We are kept collectively impotent by events like the protest march on Friday, in support of a 28-year-old man in Kathua, J&K, who kept and eight-year-old girl hostage, and then raped and killed her. The police have got his confession, but that didn't stop a gang of right-wing baboons from throwing their weight behind him, simply because he is a Hindu and she was not. (Contrast that with Pakistan, where the 24-year-old man who raped and murdered seven-year-old Zainab was given four death sentences, presumably in case one got commuted.)

Worse, the J&K chief minister publicly attacked the protesters, but not over their communal hatred; she chose the safe option of lambasting them for desecrating the national flag. If you're a Muslim in today's India, you need oblique strategies to merely voice your anguish.

What about us mere mortals: if we say anything, a kindred right-wing gang will turn up at your door. The police won't help you because the chief minister is from the BJP; and in any case, the police, on the whole, prefer an authoritarian approach to social management. And the neighbours? Well, our current rulers have facilitated society's sinking to its lowest economic denominator.

The economic lethargy wouldn't matter so much but for the chutzpah of our scamsters. That jeweller Nirav Modi was photographed with Prime Minister Narendra Modi is unsurprising, for the more things change, the more they remain the same. All one can do is LOL along with the Twitterverse as new memes pop up, including the photoshopped poster of the movie Bade Miyan, Chhote Miyan, with the words modified to, yes, you guessed it.

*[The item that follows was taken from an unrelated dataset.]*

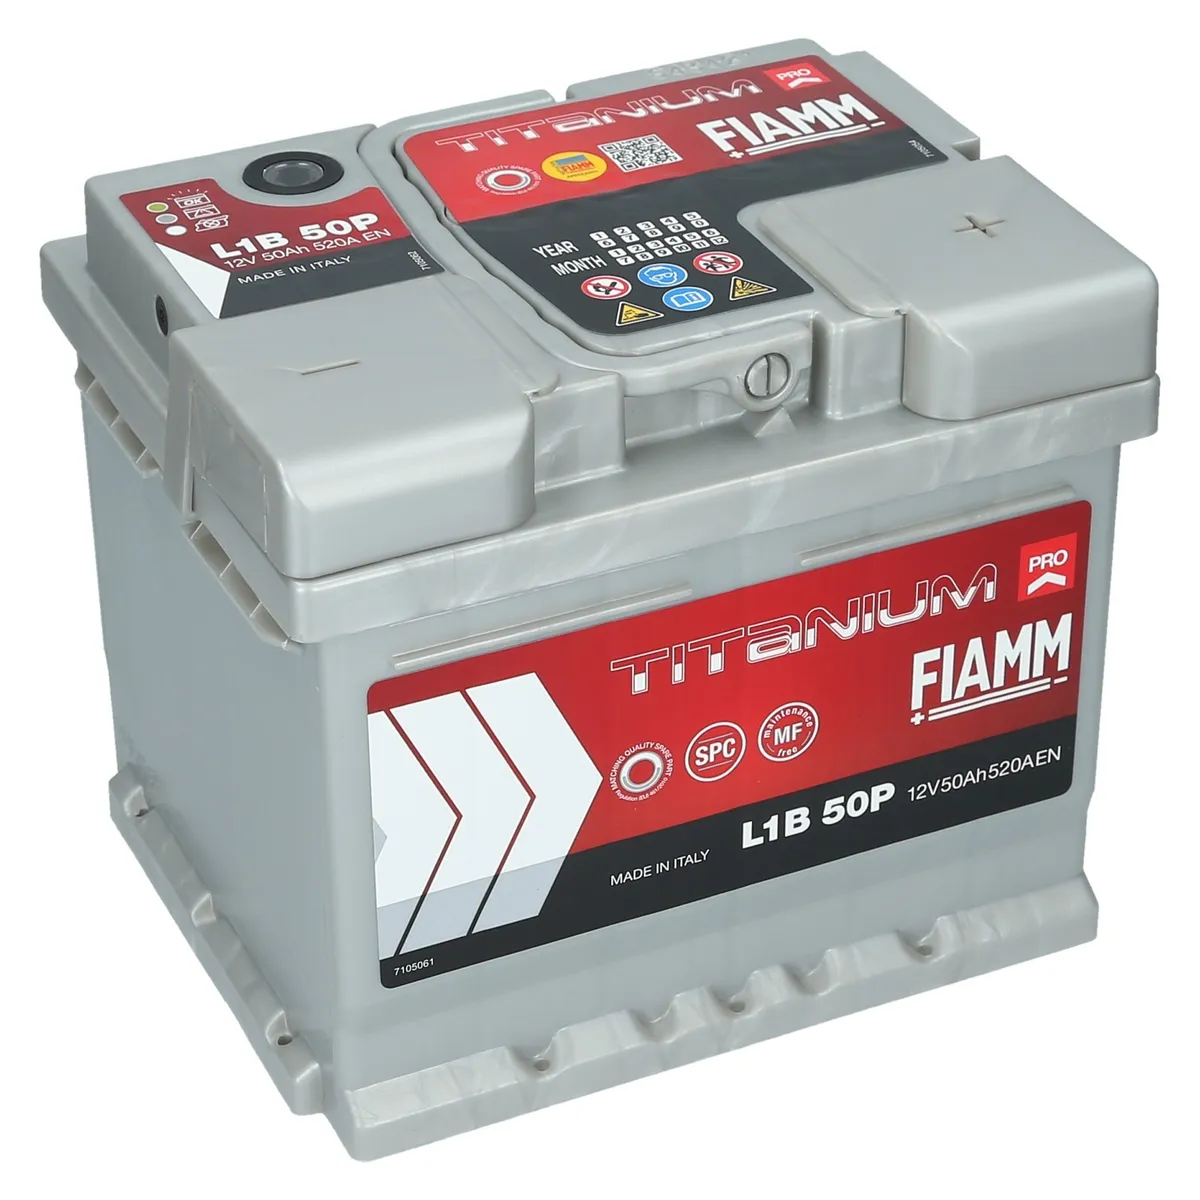 Autobatterie 12V 50Ah 520A EN FIAMM PRO Premium Batterie ersetzt 40 44 45  46 Ah

While driving through Khar, I spotted a hoarding with a beaming Priyanka Chopra, in an ad modelling for Nirav's diamond jewellery. Even she was photographed with the PM in Betlin last summer; perhaps, she really was doing her job as Nirav's global ambassador (regardless of what the catty word in Bollywood may be). You have to hand it to her: as soon as the Punjab National Bank scam broke out, she announced she would sue Nirav for non-payment of dues. To paraphrase an old saying: When the going gets hot, the hot get going.

One Bollywood star I happened to gawk at gave me a class on the power of controversy. He claimed that Padmaavat got R600 crore of free publicity due to the controversy (again, a misplaced one by some right-wing boneheads). No, a financier said, it was R900 crore - and he tallied the number of hours of TV coverage, news space, radio discussions, blogs, etc, to prove his accounting. They agreed that the film was mediocre and that had it been decent, the box office take would have easily doubled. (It was near Rs 250 crore last week.) It is disconcerting to not hear about the anxiety and tension that this controversy produced, but how did that matter in the larger scheme of things? It is fashionable to give gyaan, that lunatic right-wing groups like the Karni Sena and the Hindu Ekta Manch are just Indian manifestations of the global response to the existential crisis caused by the defeat of the individual. But if capitalism has triumphed, then these groups are not helping the individual - they are only sealing her fate.

In a way, it is then a good time to try a different career. If I get crowded out due to my age and lack of ruthless ambition, it just means that all industries are the same. It's worth a try, and it makes sense since entertainment is a recession-proof industry. And it's far more fun to watch the politics on the sets, than to watch it on the national stage.